- _Task item_:
Copy out the whole listing exactly as given. Skip the pictures.

- _Collected material_:
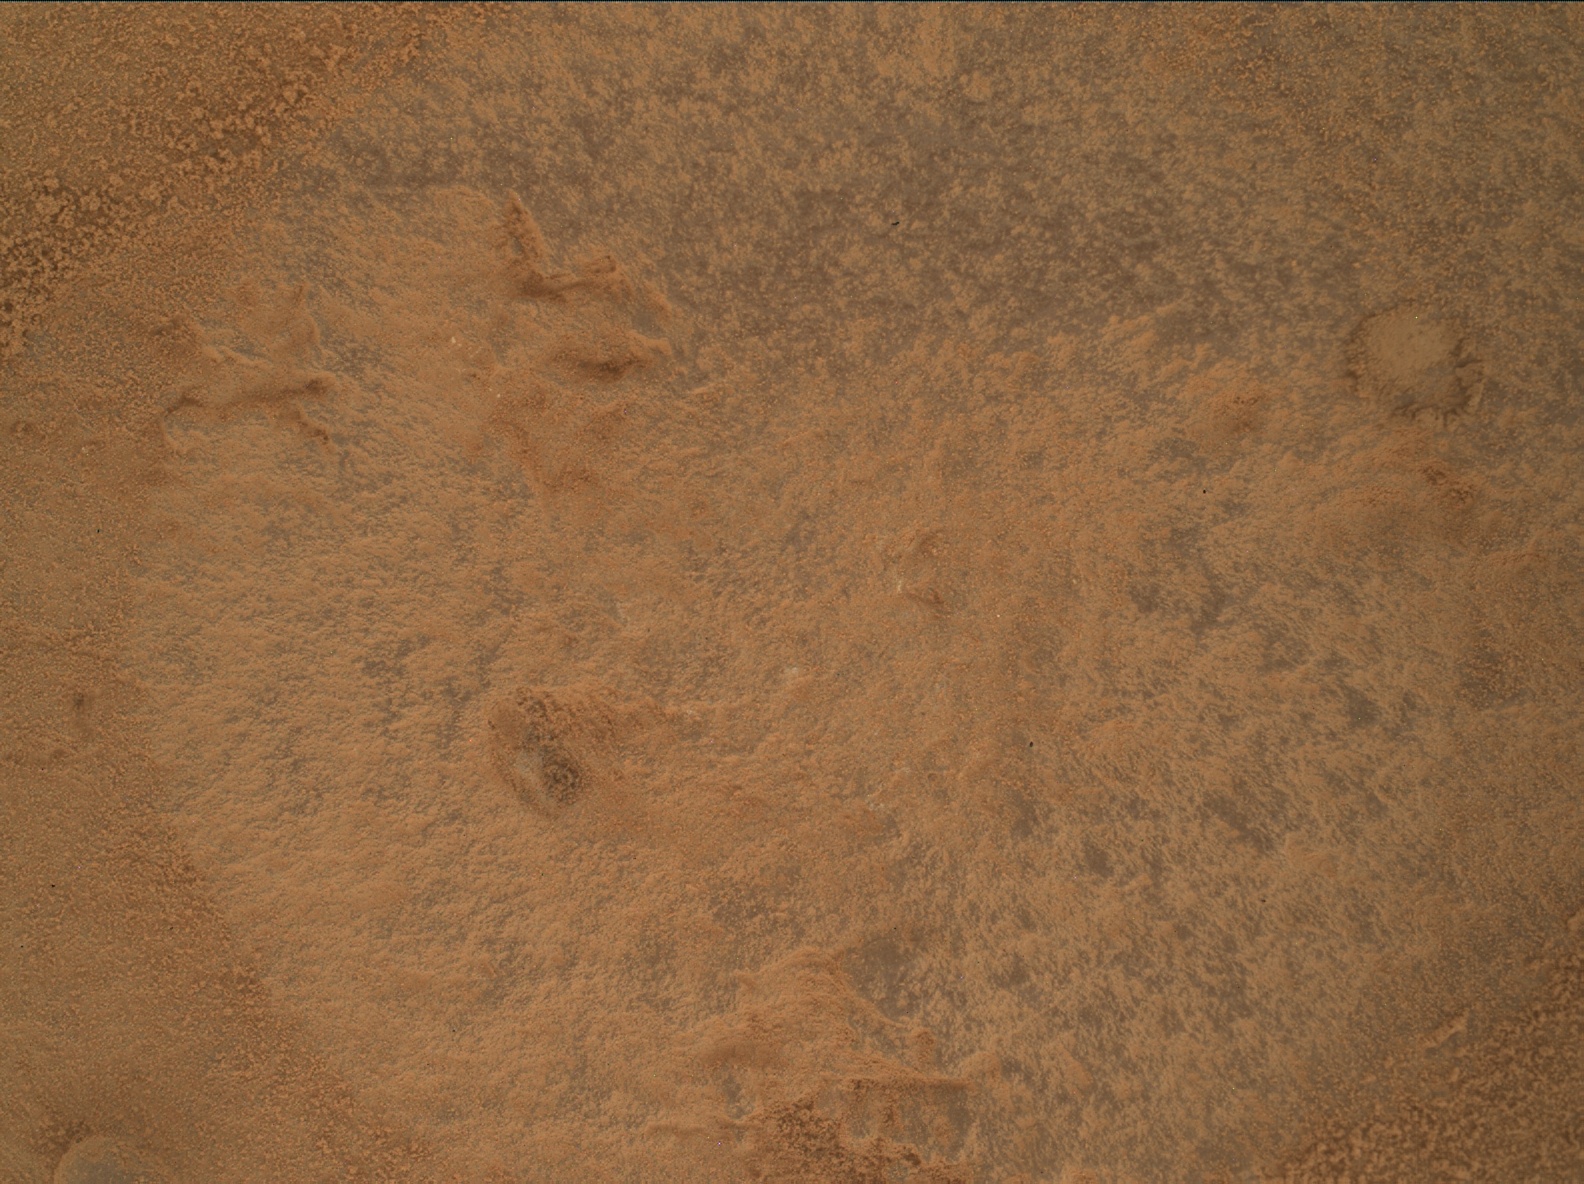 Nasa's Mars rover Curiosity acquired this image using its Mars Hand Lens Imager (MAHLI) on Sol 3715
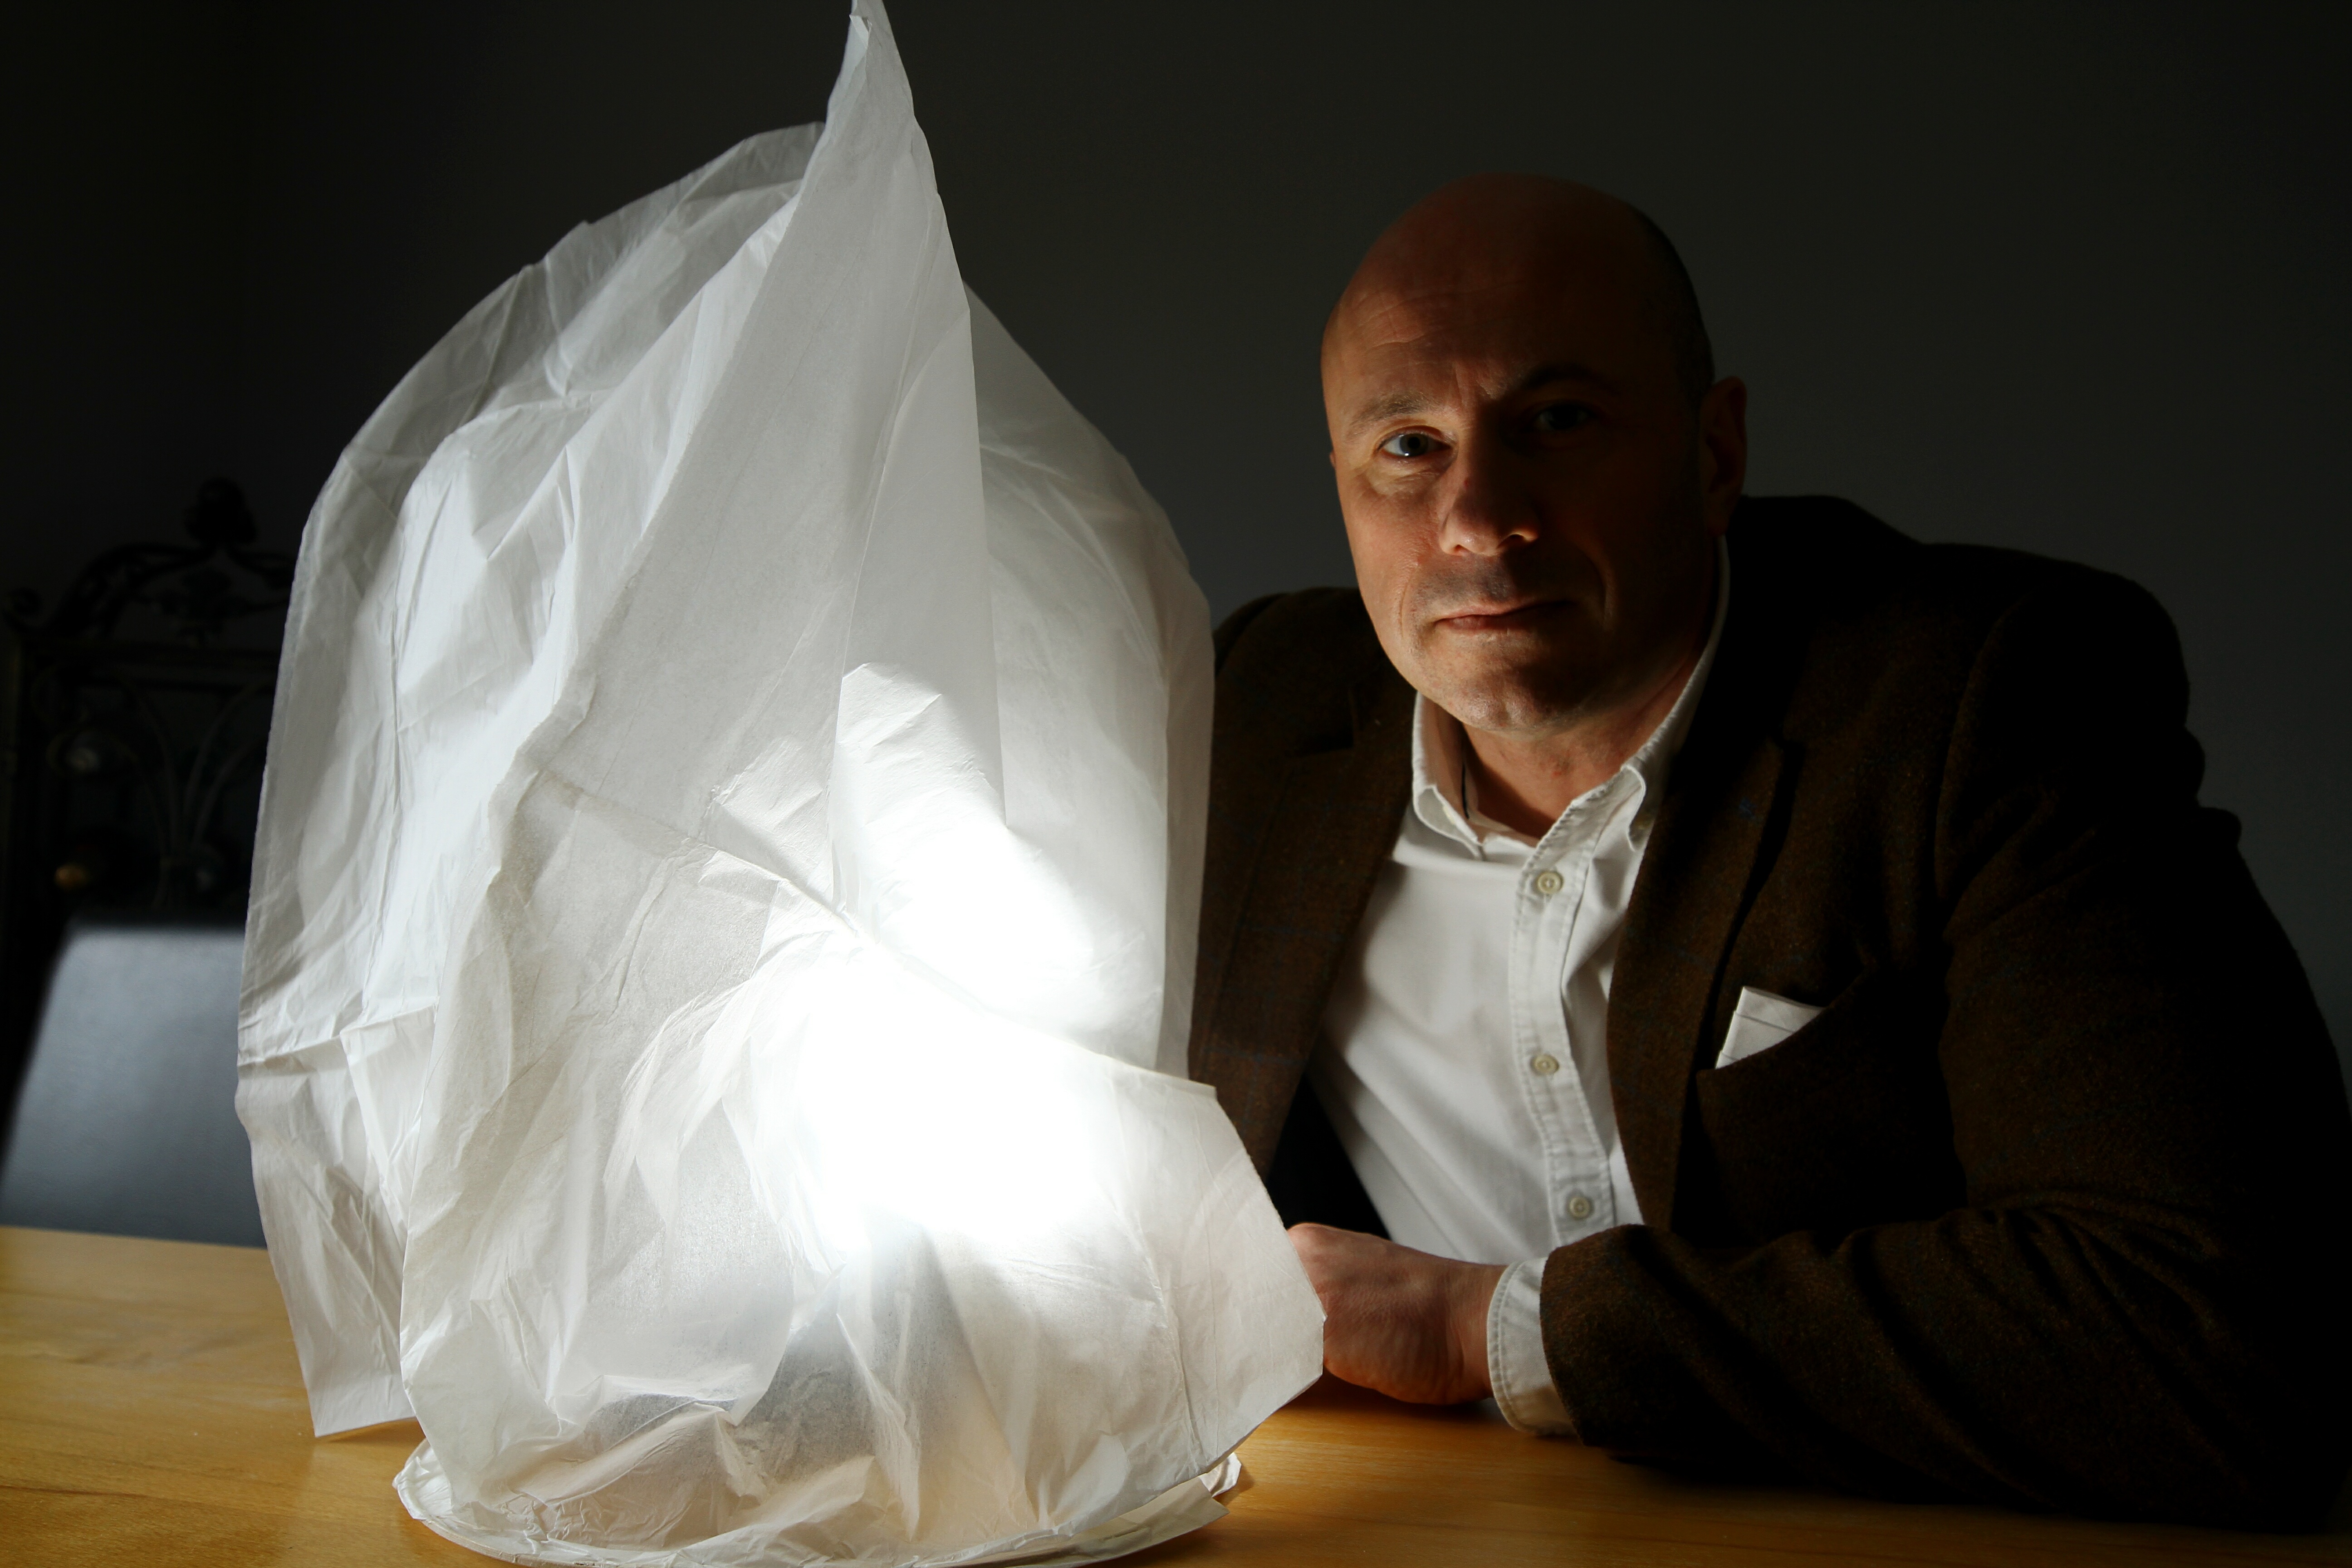 Derek Wann is warning about the dangers posed by Chinese lanterns.
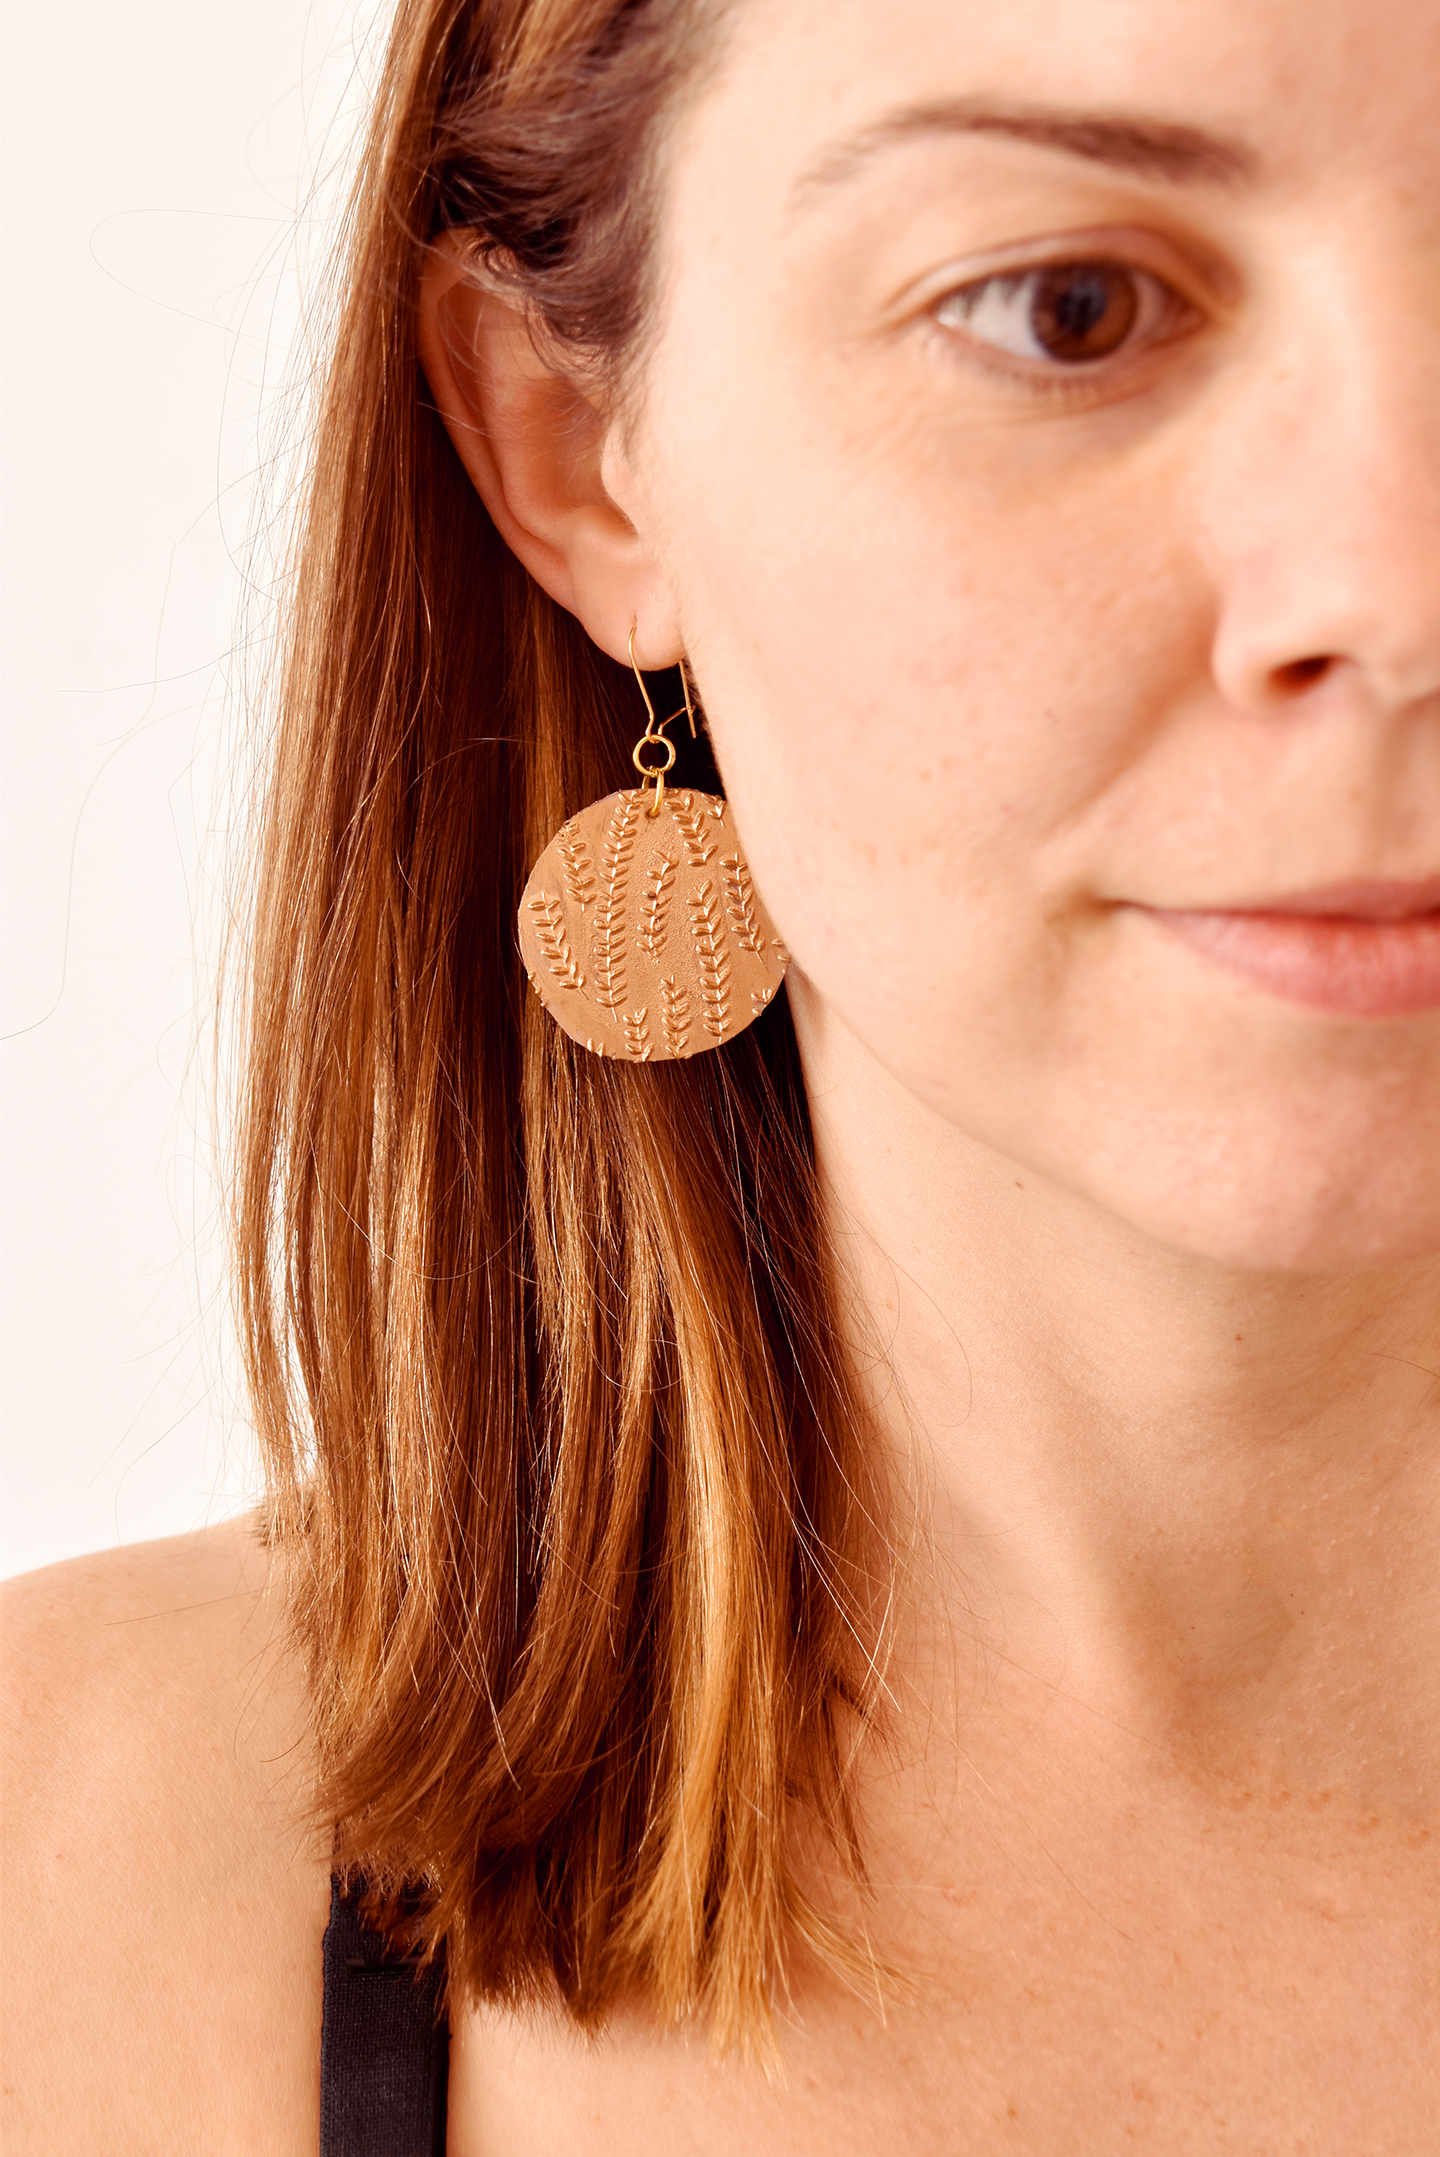 DIY Rubber Stamp and Hot Glue Earrings /// By Faith Towers Provencher of Design Fixation #unique #botanical #pendant

- _Completed exercise_:
 Nasa's Mars rover Curiosity acquired this image using its Mars Hand Lens Imager (MAHLI) on Sol 3715
 Derek Wann is warning about the dangers posed by Chinese lanterns.
 DIY Rubber Stamp and Hot Glue Earrings /// By Faith Towers Provencher of Design Fixation #unique #botanical #pendant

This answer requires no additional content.